Yes your sw's actions aren't particularly supportive, BUT, what you need is to find your child and if they're not going to find them, then do something about it yourself.  Both of my children were found by us sending our profile out, I couldn't stand the 'not knowing' and feeling forgotten about.  I must have drove my sw mad with constantly emailing her, when I did contact her I made tongue in cheek comments about 'me again' or 'the sooner you find my baby the sooner i'll be off your back' lol. 

Good luck in your search xxx


----------



## MummyElf (Apr 11, 2013)

Hi Jules

Just wanted to say that I understand about the non-communicating SW! Although we really like our SW, she is not big on communication and definitely wouldn't be a shoulder to cry on. We are finding this difficult at the moment as desperate to hear about a LO we have put forward for and are in our third week of waiting,  but we just don't feel able to really chase her about it - she isn't the one holding things up after all, it is LO's SW.

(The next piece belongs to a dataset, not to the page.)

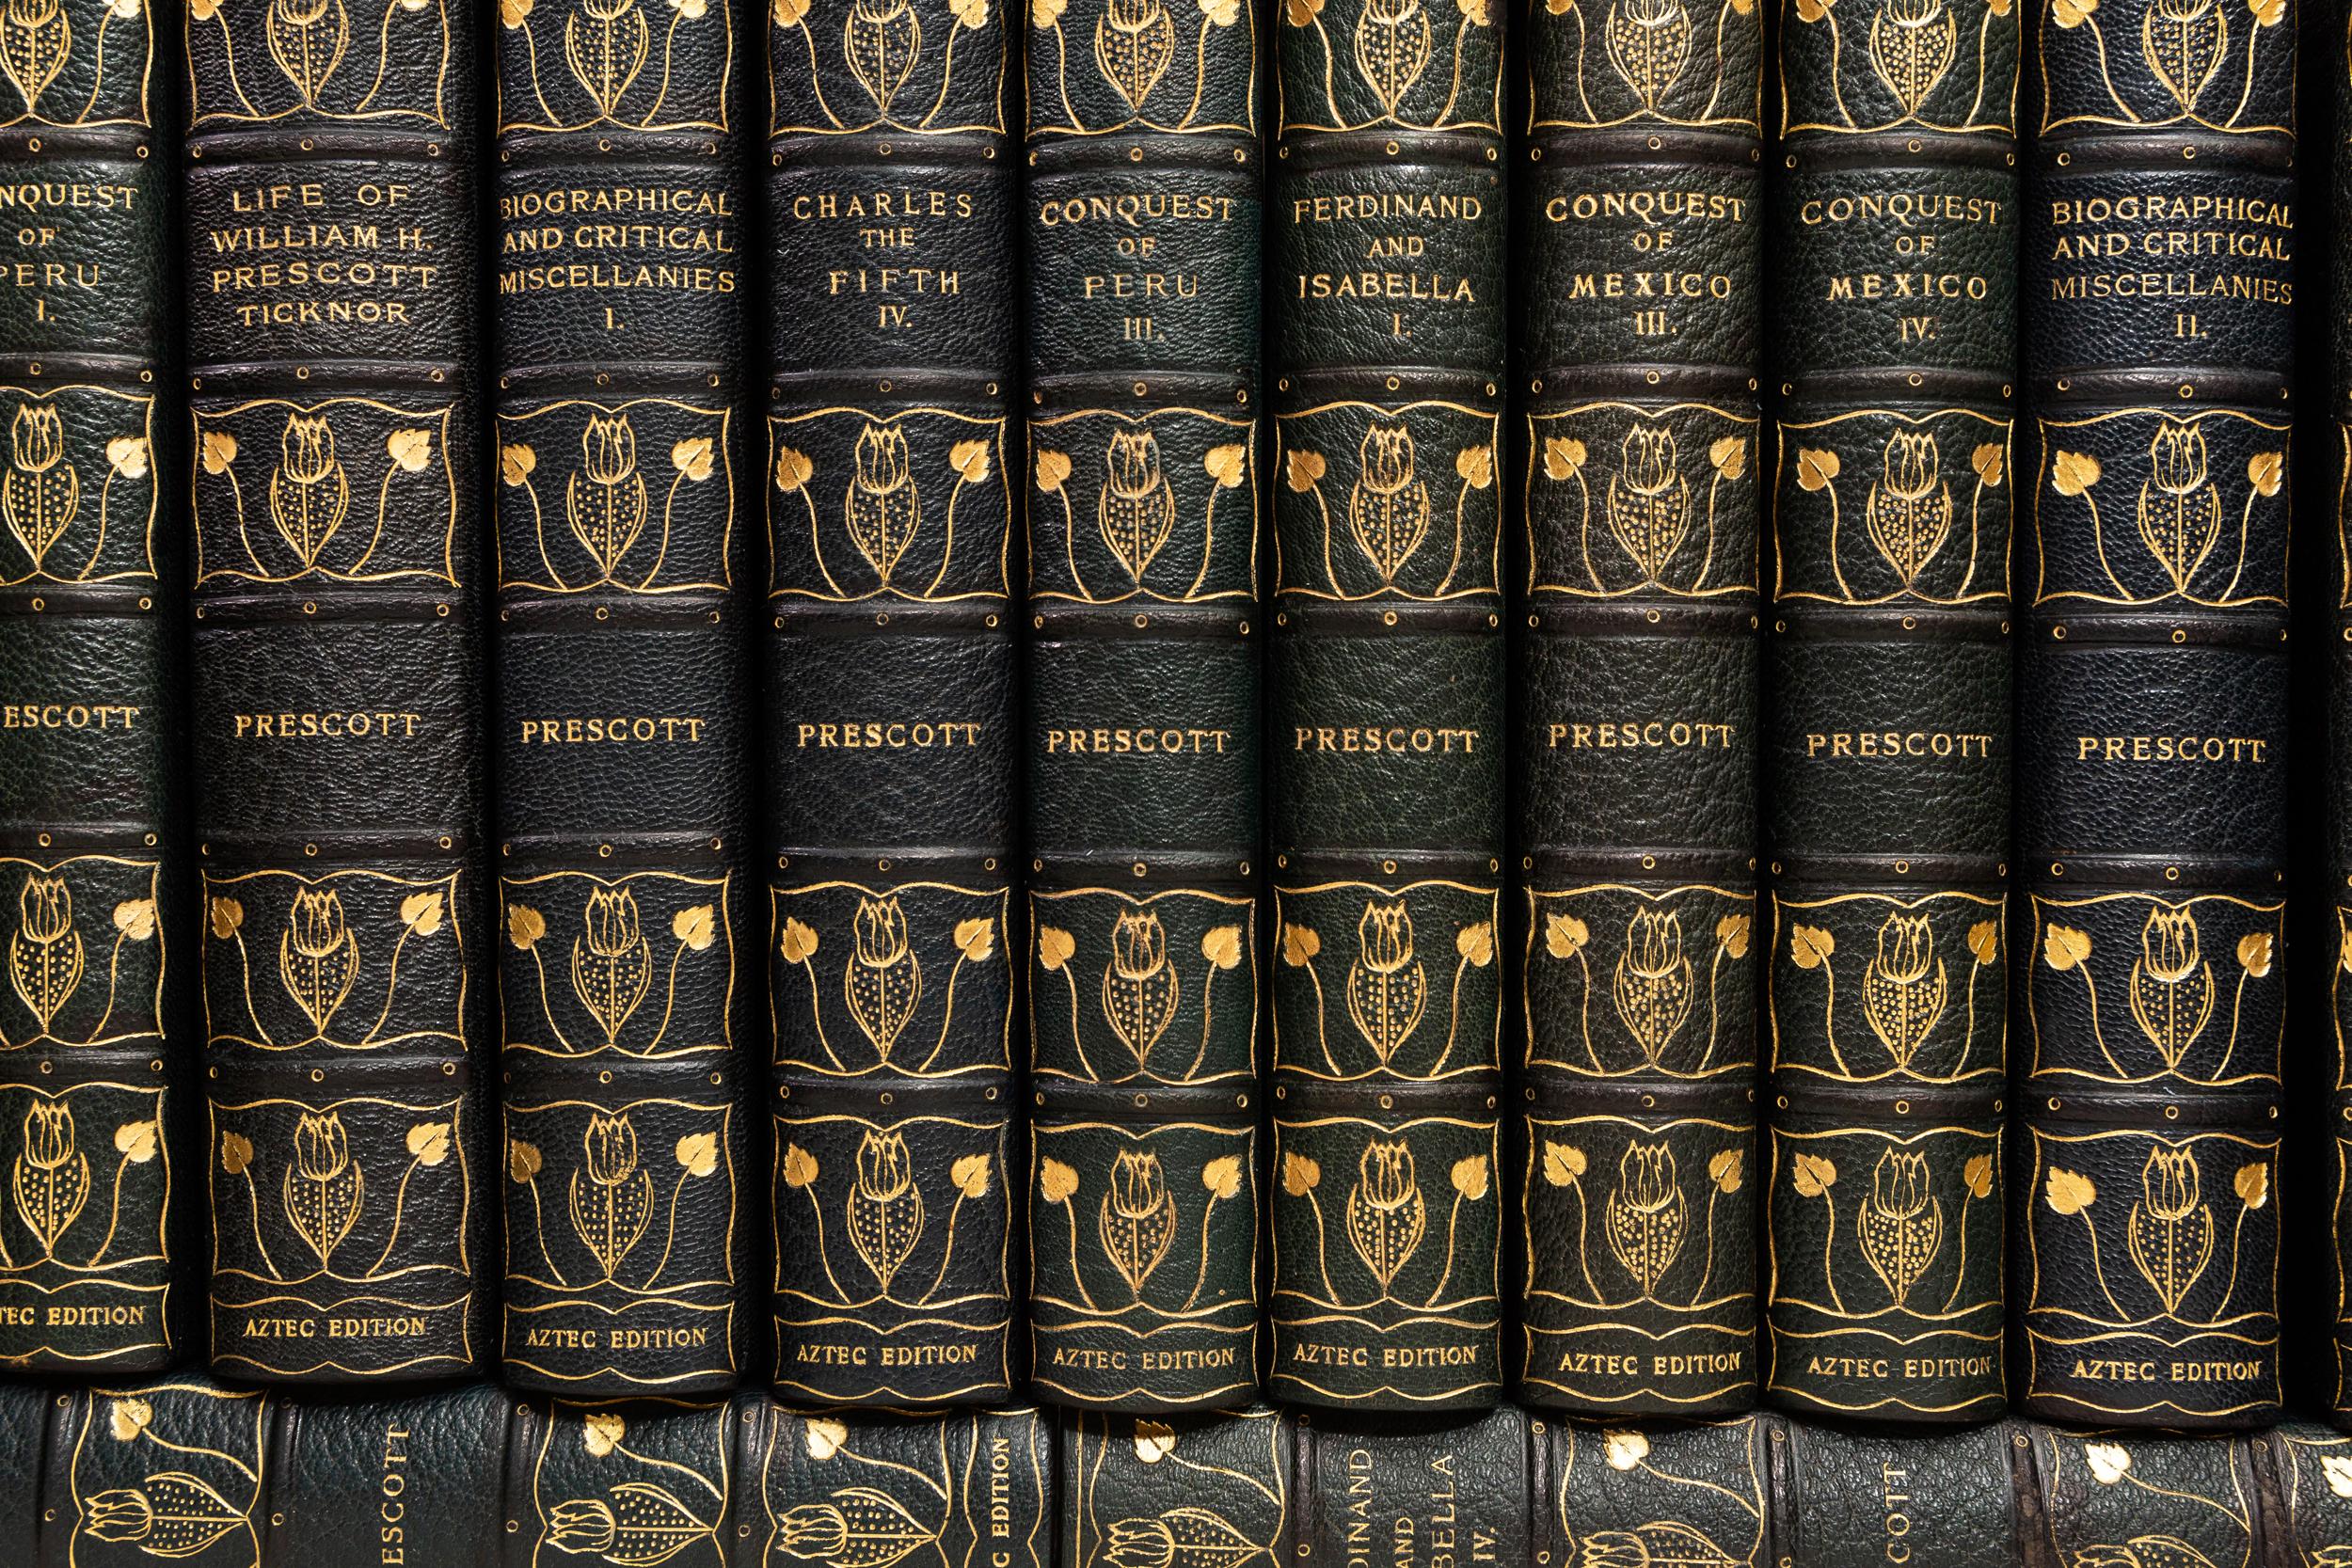 22 Volumes. William H. Prescott, The Works of William H. Prescott. Titles include, Philip the Second, Ferdinand and Isabella, Charles the Fifth, and more. Bound in 3/4 blue morocco. Marbled boards. Raised bands. Decorative floral emblems in gilt on

I think as others have suggested, a frank discussion it a good idea. In my line of work I often find that those who don't make themselves known do get forgotten or set aside  and those that chase us get things done. It sounds to me like you are definitely due some more attention and it doesn't sound like your needs are getting met.

I know SWs are extremely busy people, I think we all appreciate that, but this process is an extremely emotional one and it needs to be borne in mind when dealing with us that we do just want a bit of reassurance at times, particularly if something has gone wrong.

I'm so sorry that the link fell through, that must have been extremely painful and I really do feel for you, I'd be in pieces.

I hope you get to speak to your SW very soon and set things out.

LilyElf


----------



## Jules11 (Jun 21, 2011)

I really appreciate all the advice and support I've received on here.  I've finally spoken to SW and arranged a visit us this Friday.  At least we can feel a bit less ignored.

Thanks for your help

Jules xx


----------



## crazyspaniel (Sep 12, 2012)

Hope meeting goes well tomorrow x


----------